Darkness to Light, Part 1: “Some Superpower Beyond Humans”
Editor’s note: Grace transforms. In recent decades, millions of Chinese people have met Jesus and had their lives turned inside out. Their hopes, dreams, families, leisure, and (in some cases) occupations have changed because of Christ.
This is the first in a series of stories about Chinese coming to faith. The personal experiences of these Chinese believers flaunt the inescapable truth: God is real, and meeting him changes everything. Our hope is that these interviews challenge and encourage Western believers to examine their own faith, as well as reminding them to pray for their brothers and sisters in China.
“Lola” is a bright young woman who attended one of China’s top universities. Her résumé is full of professional accomplishments. Though her life is full of modern success, turning to God meant trusting him more than the ancient, vindictive spirits her mother served. Before Christ, Lola thought often of life’s pointlessness, and from her teen years struggled with an awareness of her own internal darkness. As with many young, urban Chinese, she first heard of God’s grace during her college years. Check back in the coming weeks for parts 2 and 3 of Lola’s story.
Tell me about your experience starting university.
I’m not Han; my parents are both from different minority people groups. In my hometown, people began to marry across minority groups a long time ago. They made friends with one another and with Han people as well. The culture and languages are not well kept; we look and live like Han people.
Because my parents were teachers, they had a lot of students.
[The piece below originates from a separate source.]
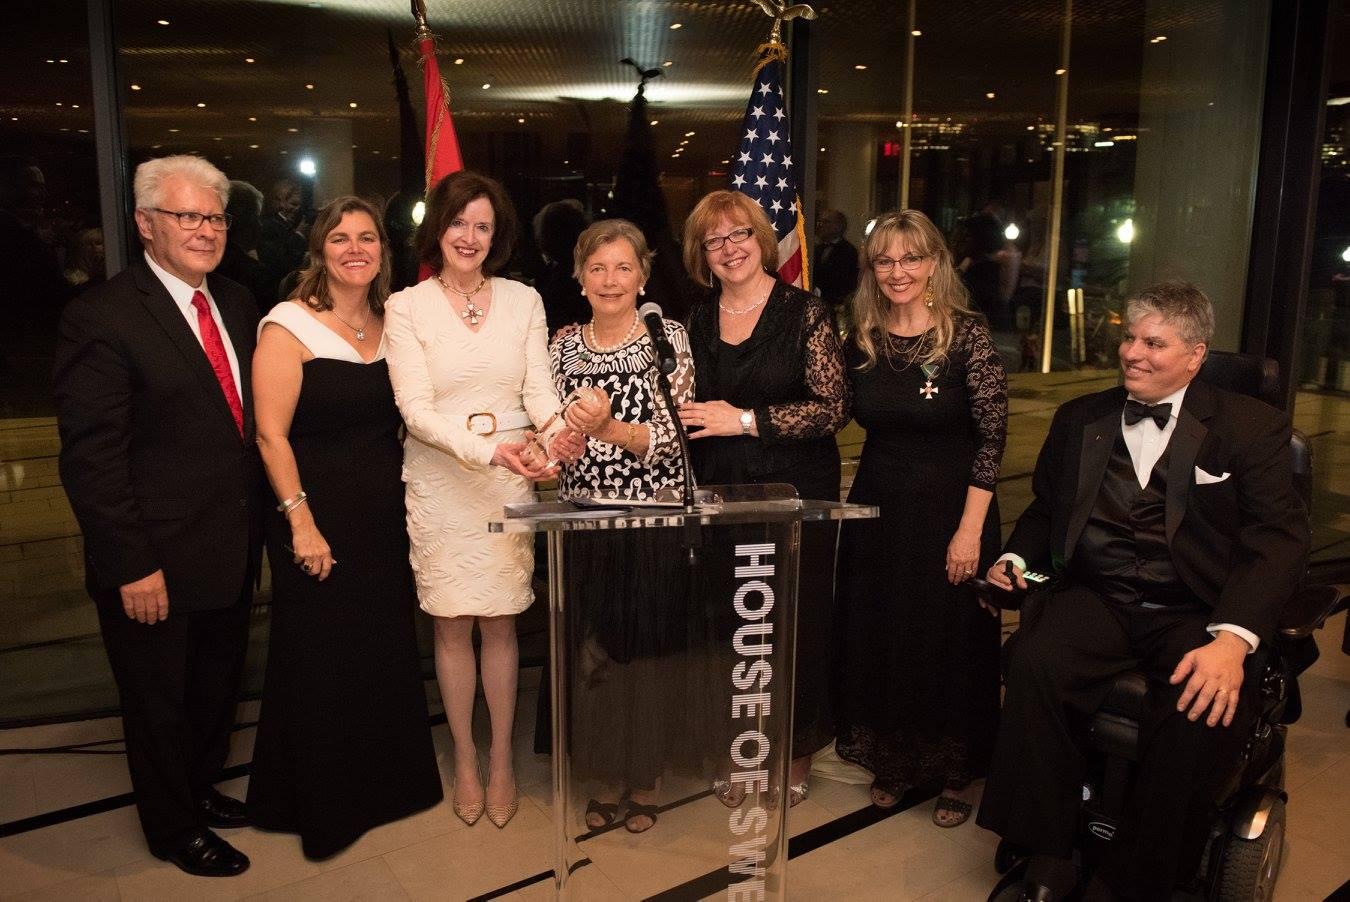 Award ceremony (from left to right):Mr. Stefan Fedor, Mrs. Andrea Lauer Rice, Ambassador April H. Foley, Mrs. Edith K. Lauer, Dr. Ágnes Virga, Mrs. Csilla Grauzer, Mr. Max Teleki

They were good teachers, and my mom, especially, is very outgoing; they had a lot of friends in our small town. Two-thirds of the people in town know them. My identity was as their daughter, instead of myself.
To me, there was nothing my dad could not do. I lost a certificate related to my college entrance exam, and because of that I couldn’t get an offer from my college. My dad just went to someone and made a new one for me. I told him, “Hey, Dad, can I get an internship this summer? I need it.” And he got one for me immediately. This was in the small town.
When I went to college, I remember watching them walking in front of me. My dad used to dress in a very organized manner. That day, though, it was so hot he had to wear shorts, this shirt he had never worn before, with a towel over his shoulder—that image had never happened before, he was always dressed like a teacher.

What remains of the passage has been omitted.